Further, current estimates are that 18% to 36% of all active cell lines are either cross-contaminated or misidentified,Citation27 such that mislabeled and ‘sans papiers’ cell lines (i.e. cell lines without a valid identity check) are not uncommon.Citation28 This is a serious issue for conclusions drawn from experiments with cell lines. HLA typing using the catalog presented here is one solution for cell line identity checking and tracking. Here, we show that different cell lines derived from the same donor express the same HLA types. We identified a complete HLA mismatch of the same cancer cell line used in different projects, suggesting an annotation swap. In addition, cancer studies typically compare the transcriptomes of tumor and normal samples from the same individual, and such isogenic samples should have the same HLA type. Seq2HLA provides a fast and easy quality control method to validate annotation.

We determined HLA Class I and II expression profiles for various cancer cell lines. Whereas the Burkitt and mantle cell lymphoma derived lines maintain the B-cell phenotype with respect to high HLA Class I and II expression, the DLBCL cell lines show a massive downregulation of both classes. Relative to the wild-type brain, both glioblastoma and neuroblastoma cell lines displayed higher HLA Class I expression. On the other hand, the ovarian and prostate cancer cell lines showed either no, or very low, HLA Class I and II expression contrasting with melanoma cell lines exhibiting high expression of both HLA Class I and II. The lung cancer cell lines were found to be heterogeneous, with HLA Class I expression ranging from very high (greater than 1500 RPKM) to very low (less than 5 RPKM). Furthermore, we found an imbalance of locus-specific HLA Class I expression throughout all diseased tissue types.

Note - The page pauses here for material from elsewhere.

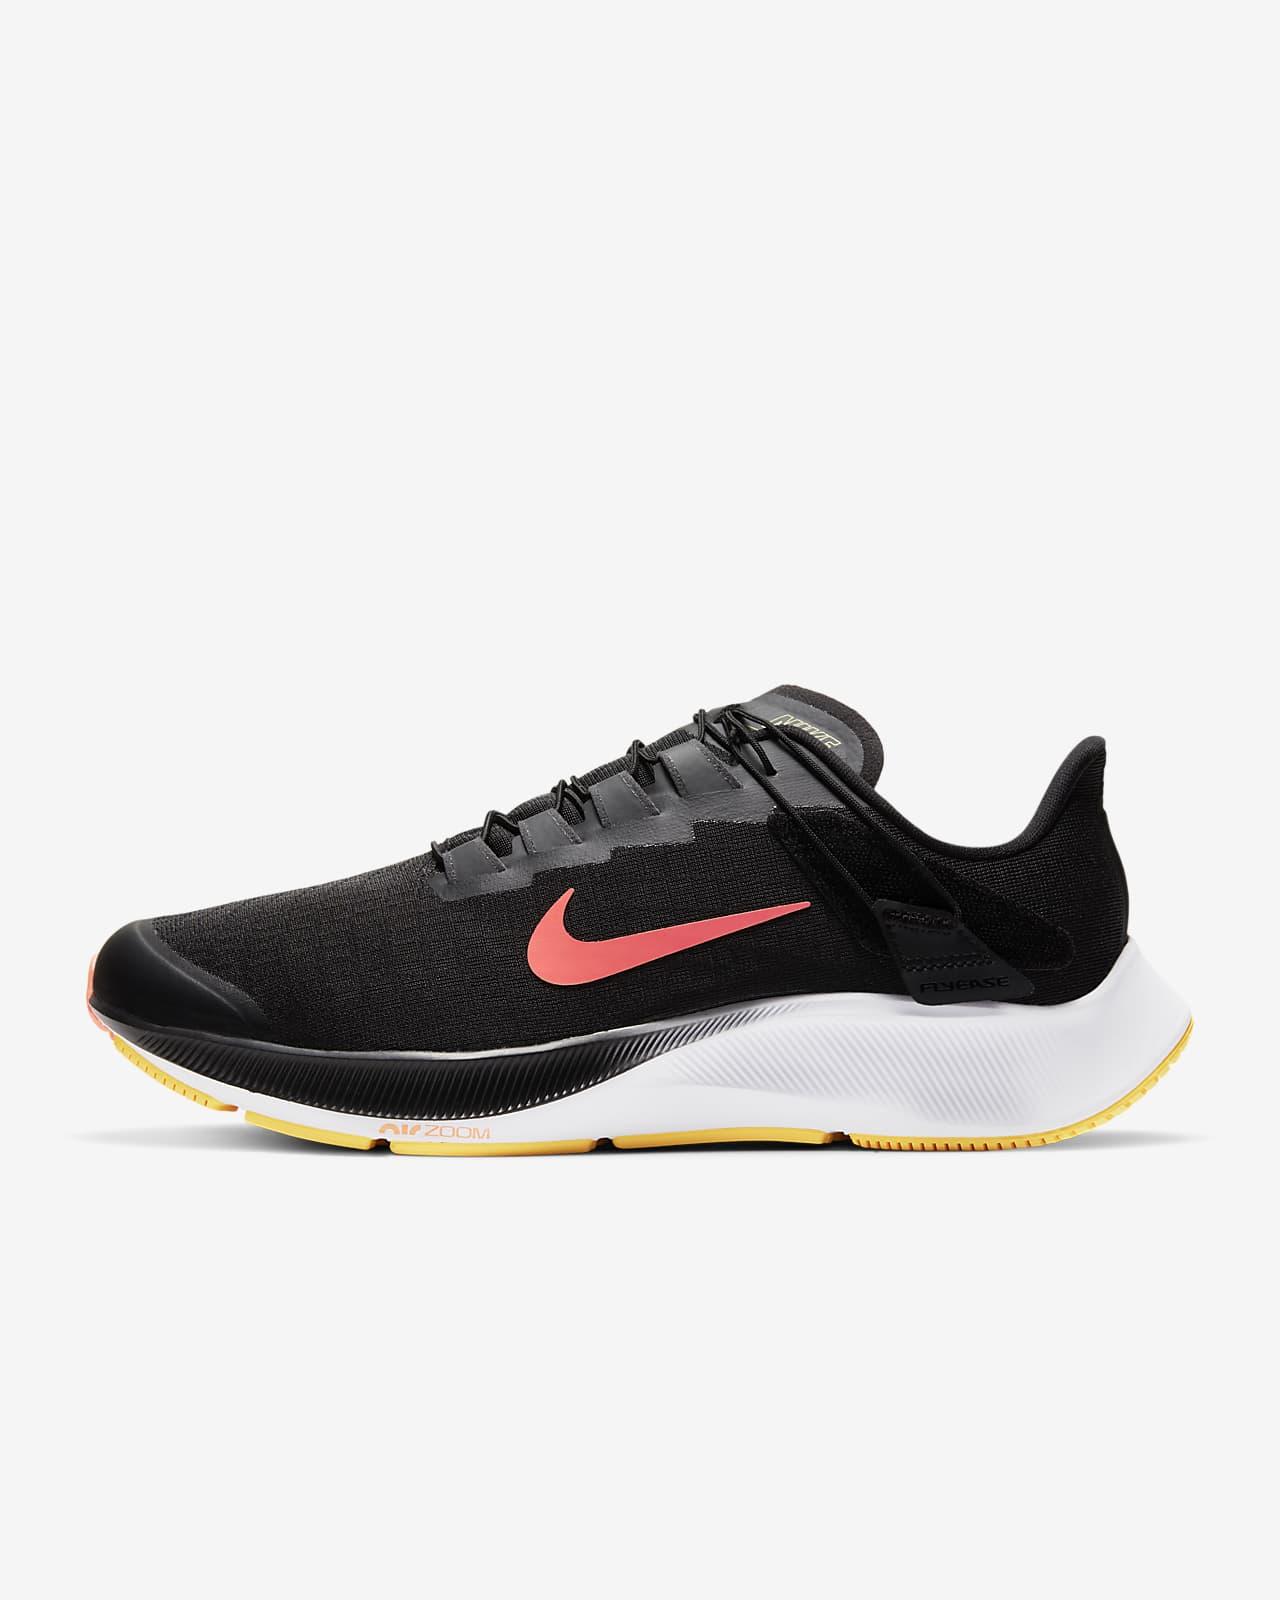 Nike Air Zoom Pegasus 37 FlyEase férfi futócipő (extraszéles kialakítású)

Most cancer genome sequencing studies, including either those encompassing cancer cell lines or primary tumor material, focus on the identification and classification of driver mutations.Citation29 The goal of these endeavors is to unravel the underlying genetics of tumorigenesisCitation30 and to propose new therapies targeting such drivers.Citation31 However, a mutation that is not a driver can nevertheless be immunogenic and useful for immunotherapies. Analogous to the mutational landscape, we define here the predicted neo-epitope landscape of a wide variety of cancer cell lines using the HLA types and mutations in each specific cell line. Neo-epitopes generated from mutations have been previously shown by us and others to be good targets for cancer immunotherapy, including cancer vaccines targeting mutational epitopes or in the context of adoptively transferred tumor-reactive T cells.Citation32 Recurrent immunogenic somatic mutations have been identified and proposed for use in prophylactic cancer vaccination regimens.Citation9 Indeed, we predict that recurrent somatic mutations are presented in specific cell lines, such as BRAF V600E on HLA-B*57:01 in A-375 cells and KRAS G12D on HLA-C*03:03 in AGS cells. This catalog contains neo-epitopes that are predicted to bind to a respective HLA allele using “reverse immunology” and this invaluable resource could be used to prioritize candidates for further immunogenicity testing.Citation33,34 Computational prediction and prioritization of antigenic and immunologic mutation-containing peptides is rapidly evolving as we better understand HLA binding (e.g, IC50 or percentile ranks), pMHC stability and T cell receptor (TCR) recognition parameters; nevertheless previous work suggests roughly one third of these mutations are indeed immunogenic.Citation11,35

There are ongoing discussions about the translation of findings in cancer cell lines into the human cancers.Citation1 We find that the HLA types of the cancer cell lines examined in this study are representative for the human population, such that the most frequent alleles (HLA-A*02:01, A*24:01, C*07:01, C*07:02) match those with high prevalence in human populations. Furthermore, the pattern of HLA Class I expression in many of the cell lines correlates with that of the corresponding primary cancers. For example, the examined Burkitt lymphoma cell lines correlate with those of primary Burkitt lymphomas. On the other hand, the brain cancer cell lines evaluated mysteriously display elevated HLA Class I expression in contrast to the normal brain samples analyzed here.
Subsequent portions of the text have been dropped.